1. Agreement to Terms

These Terms of Service ("Terms") constitute a legally binding agreement made between you, whether personally or on behalf of an entity ("Client," "you") and Flint & Chisel ("Consultancy," "we," "us," or "our"), concerning your access to and use of our consultancy services, including our website flintchisel.com as well as any other media form, media channel, mobile website or mobile application related, linked, or otherwise connected thereto (collectively, the "Services").

Our Services are focused on helping businesses optimize their payment processing costs and processes. This includes, but is not limited to, analysis of current payment processing statements, identification of cost-saving opportunities, recommendations for payment processors or technologies, and advice on improving payment-related operational efficiencies.

You agree that by accessing or using our Services, you have read, understood, and agree to be bound by all of these Terms.

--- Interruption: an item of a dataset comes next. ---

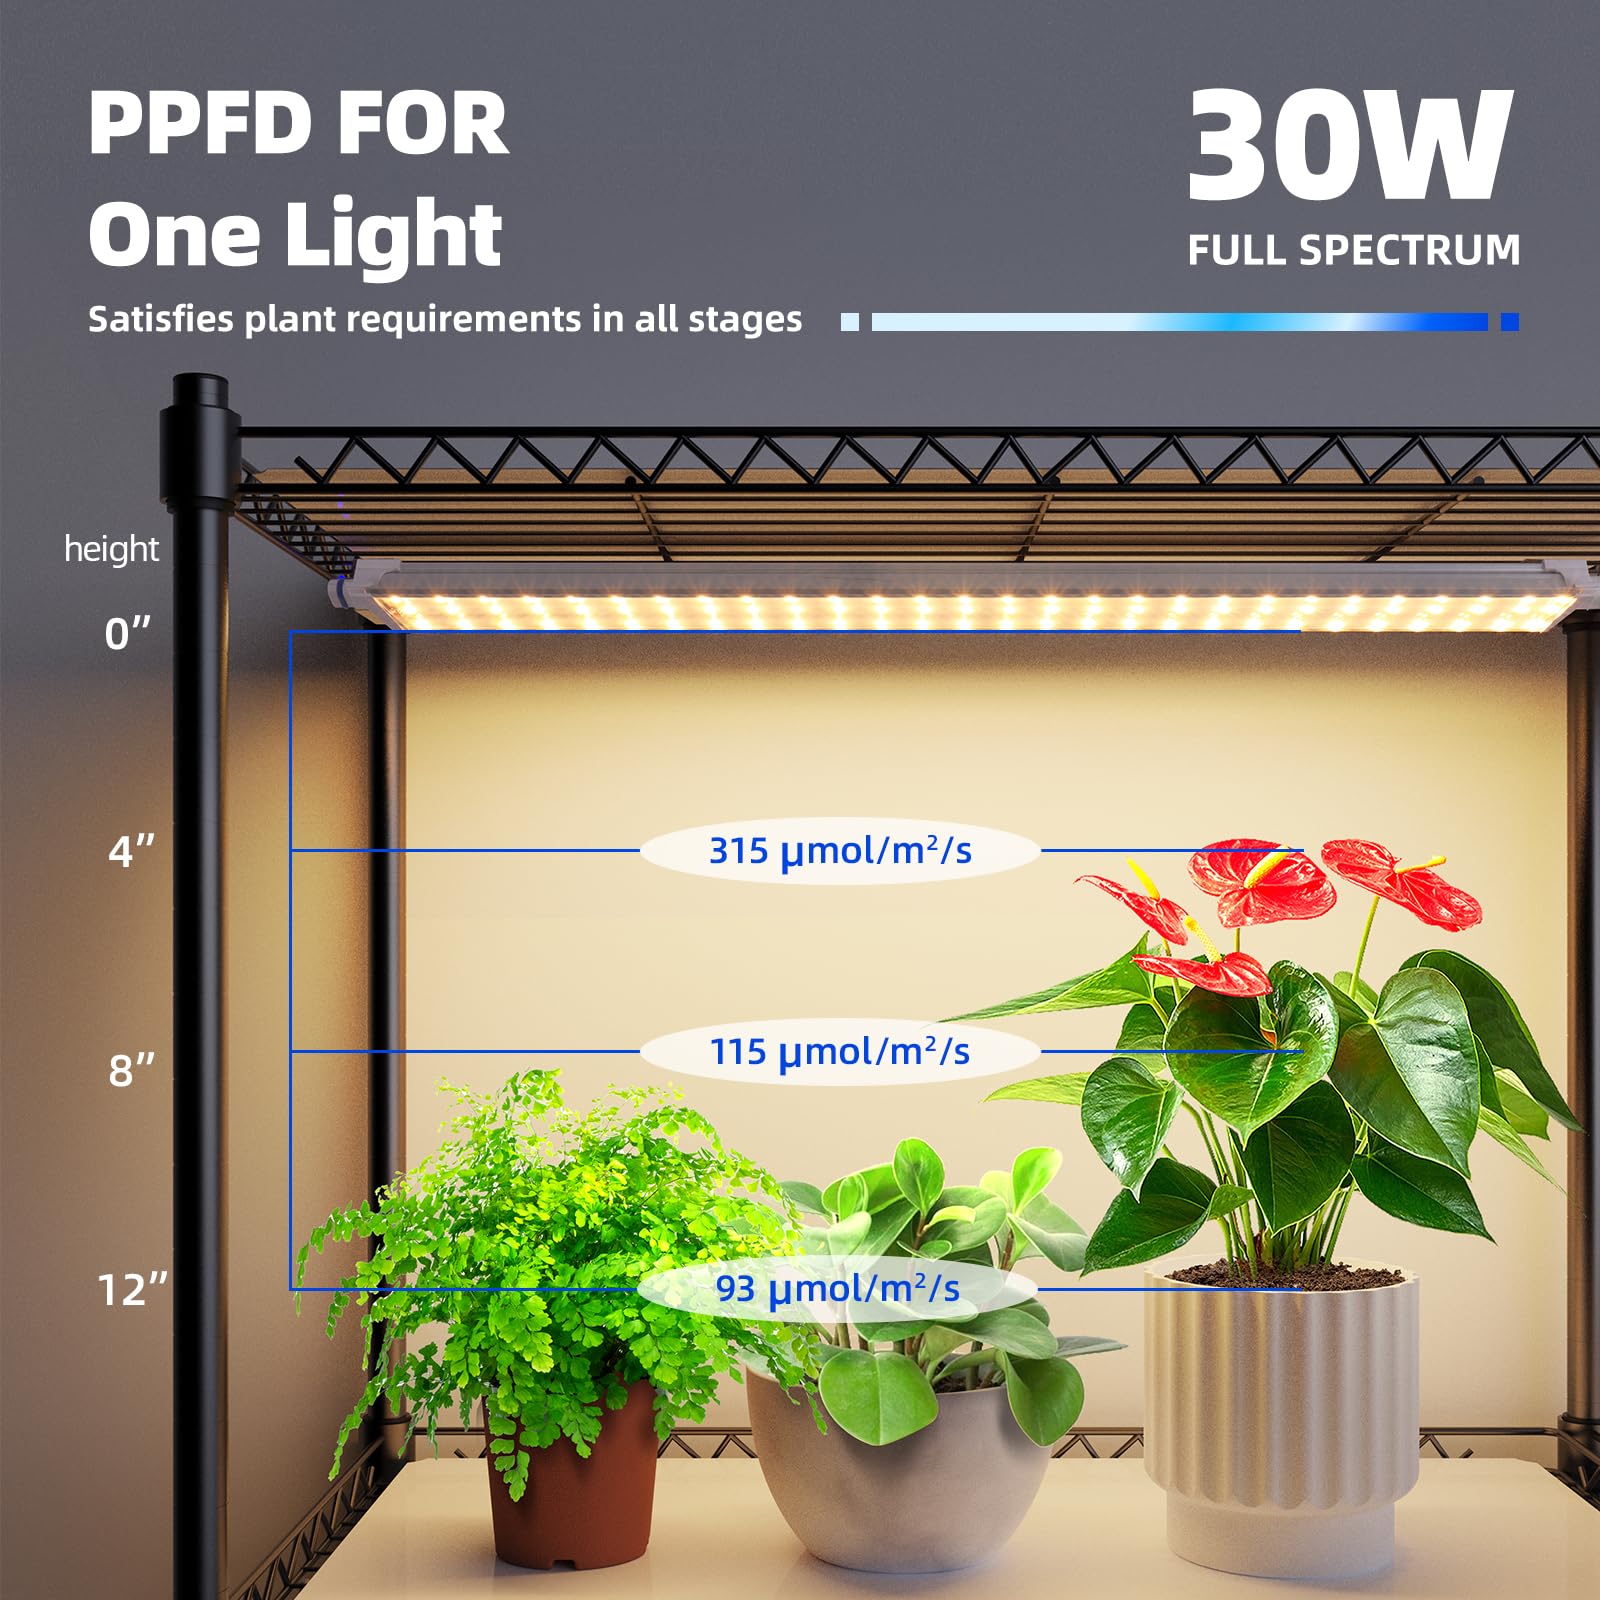 6-Tier Plant Stand with 2020T LED Grow Lights,29.5x13.8x71IN,30W,Full Spectrum,5 lights,CJ30GCR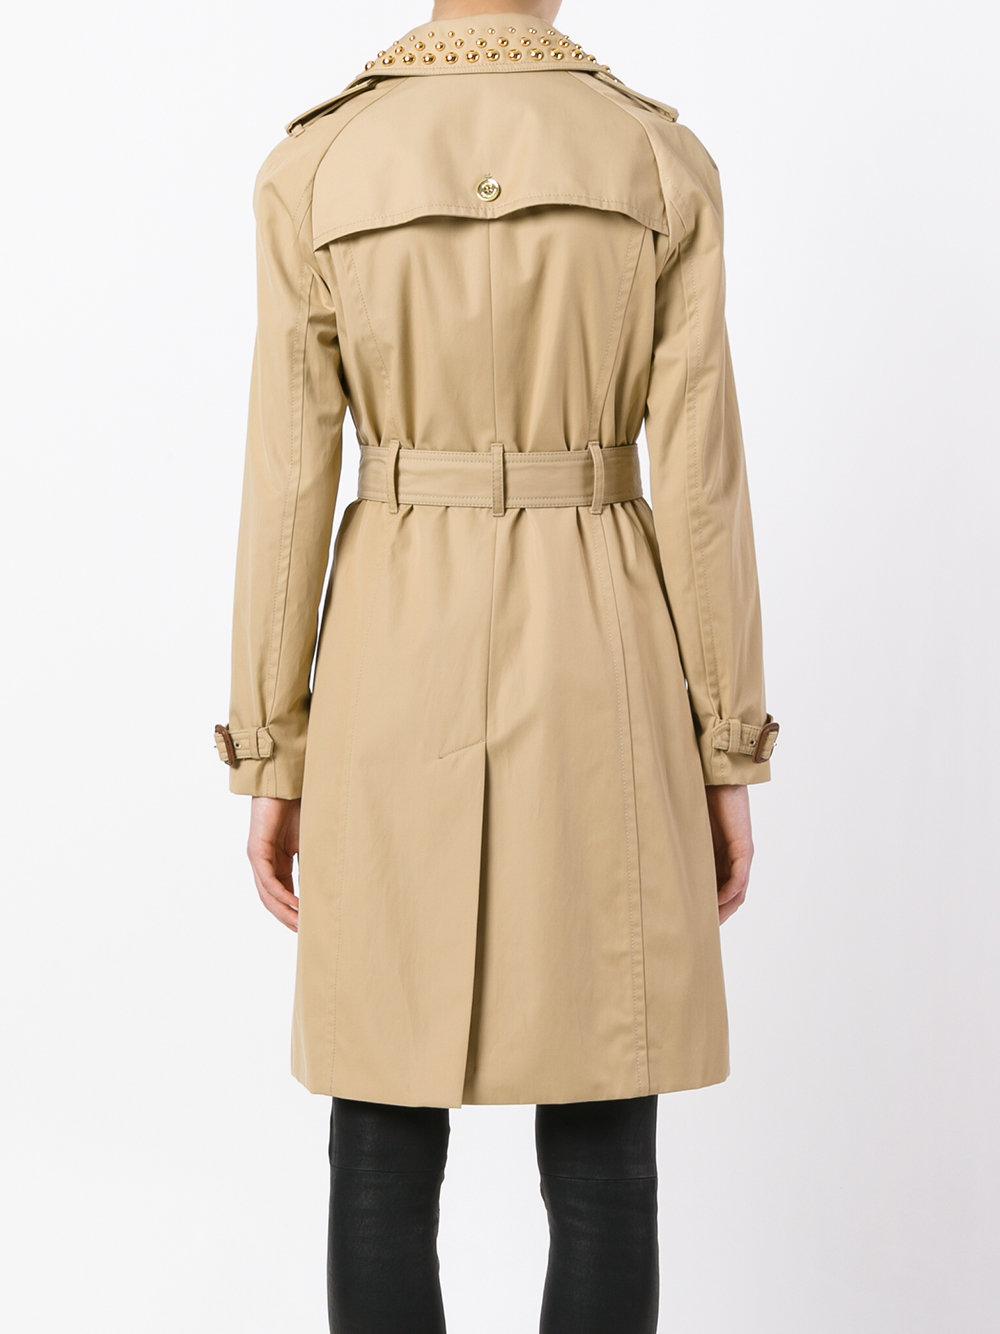 MICHAEL Michael Kors Cotton Studded Trench Coat in Natural - Lyst

IF YOU DO NOT AGREE WITH ALL OF THESE TERMS, THEN YOU ARE EXPRESSLY PROHIBITED FROM USING THE SERVICES AND YOU MUST DISCONTINUE USE IMMEDIATELY.

2. Description of Services

Flint & Chisel provides specialized consultancy services aimed at optimizing payment processing for businesses. Our services may include:

  • Analyzing existing payment processing statements, contracts, and infrastructure.
  • Identifying areas for cost reduction and efficiency improvements.
  • Providing recommendations on payment gateway selection, merchant account providers, and fraud prevention tools.
  • Advising on best practices for payment acceptance, dispute management, and compliance.
  • Facilitating negotiations with payment service providers (where applicable and agreed).
  • Providing reports and strategic guidance based on our findings and industry knowledge.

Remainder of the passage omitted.